[Dataset entries]
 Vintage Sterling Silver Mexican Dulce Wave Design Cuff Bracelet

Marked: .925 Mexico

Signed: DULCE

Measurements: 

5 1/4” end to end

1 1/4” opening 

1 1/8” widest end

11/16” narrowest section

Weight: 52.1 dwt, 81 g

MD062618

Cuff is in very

▶ _Task goal_
Give again, exactly, every line from the one holding "Marked: .925 Mexico" to the last line of the data.

▶ _Your solution_
Marked: .925 Mexico

Signed: DULCE

Measurements: 

5 1/4” end to end

1 1/4” opening 

1 1/8” widest end

11/16” narrowest section

Weight: 52.1 dwt, 81 g

MD062618

Cuff is in very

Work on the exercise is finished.